**Task data**
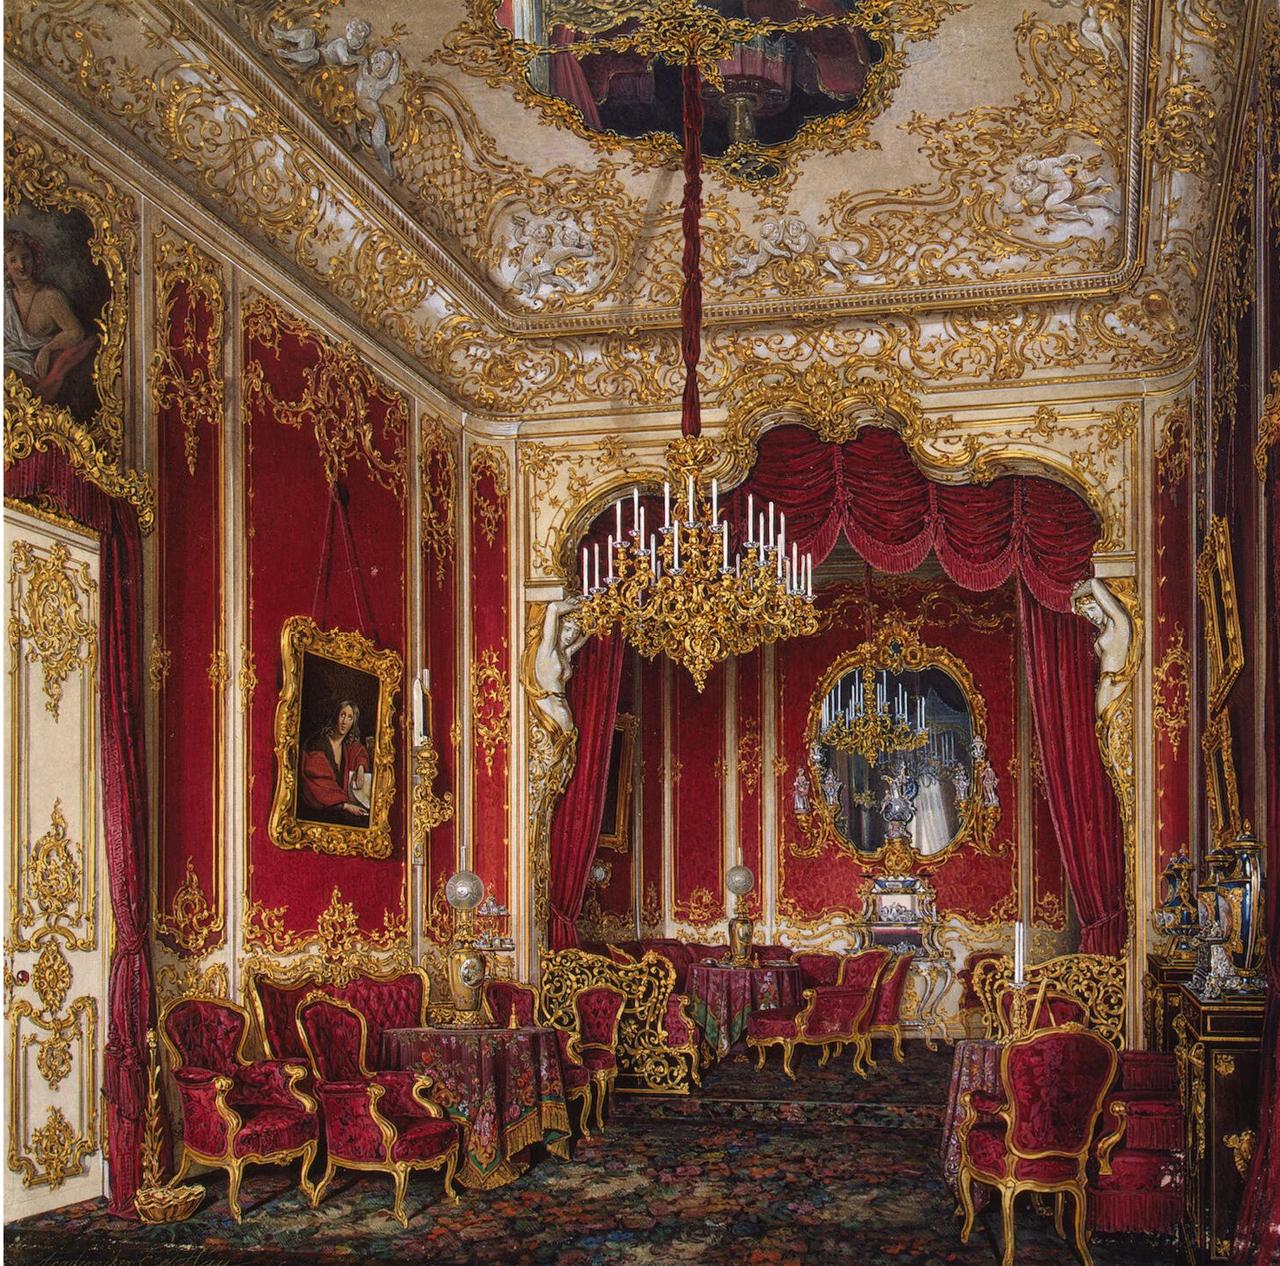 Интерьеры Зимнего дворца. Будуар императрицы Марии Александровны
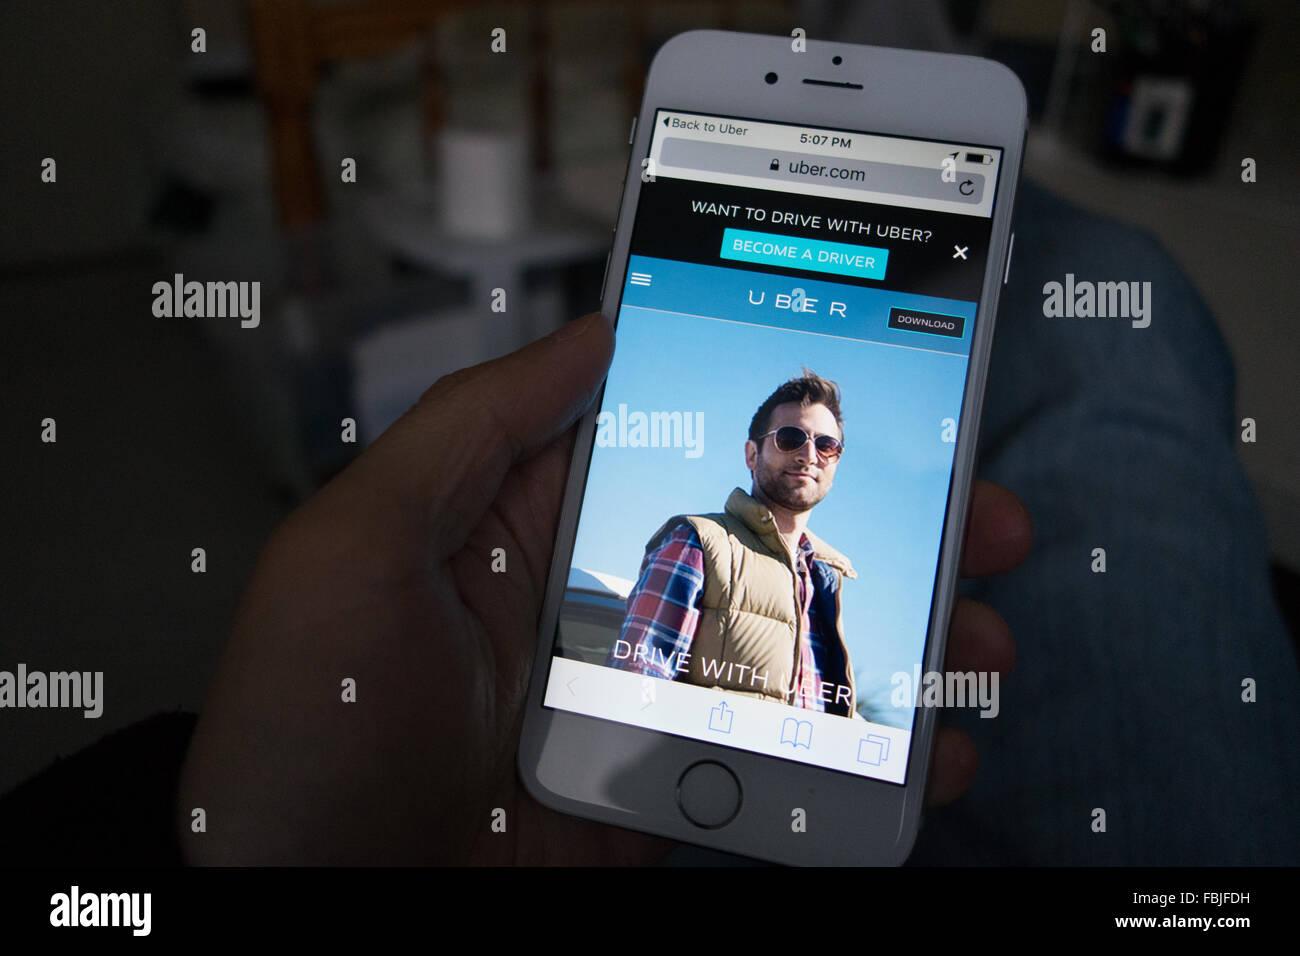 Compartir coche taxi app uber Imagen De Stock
...
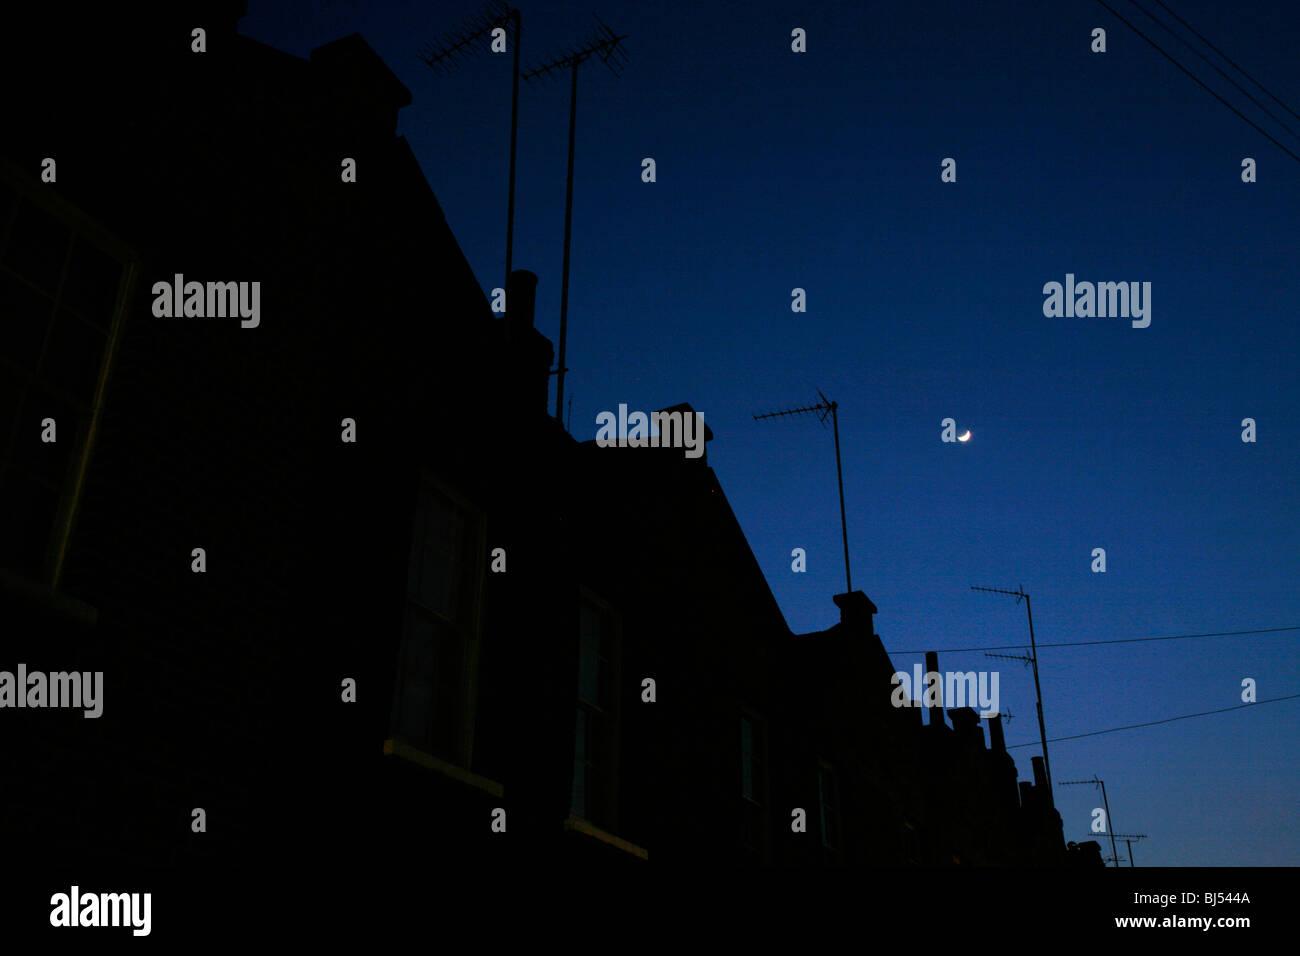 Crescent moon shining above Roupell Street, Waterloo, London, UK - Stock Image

**Exercise prompt**
Go back to the lines above and output, exactly as they stand, the ones from the line containing "Интерьеры Зимнего дворца." to the line containing "Compartir coche taxi". Leave all pictures behind.

**Task output**
 Интерьеры Зимнего дворца. Будуар императрицы Марии Александровны
 Compartir coche taxi app uber Imagen De Stock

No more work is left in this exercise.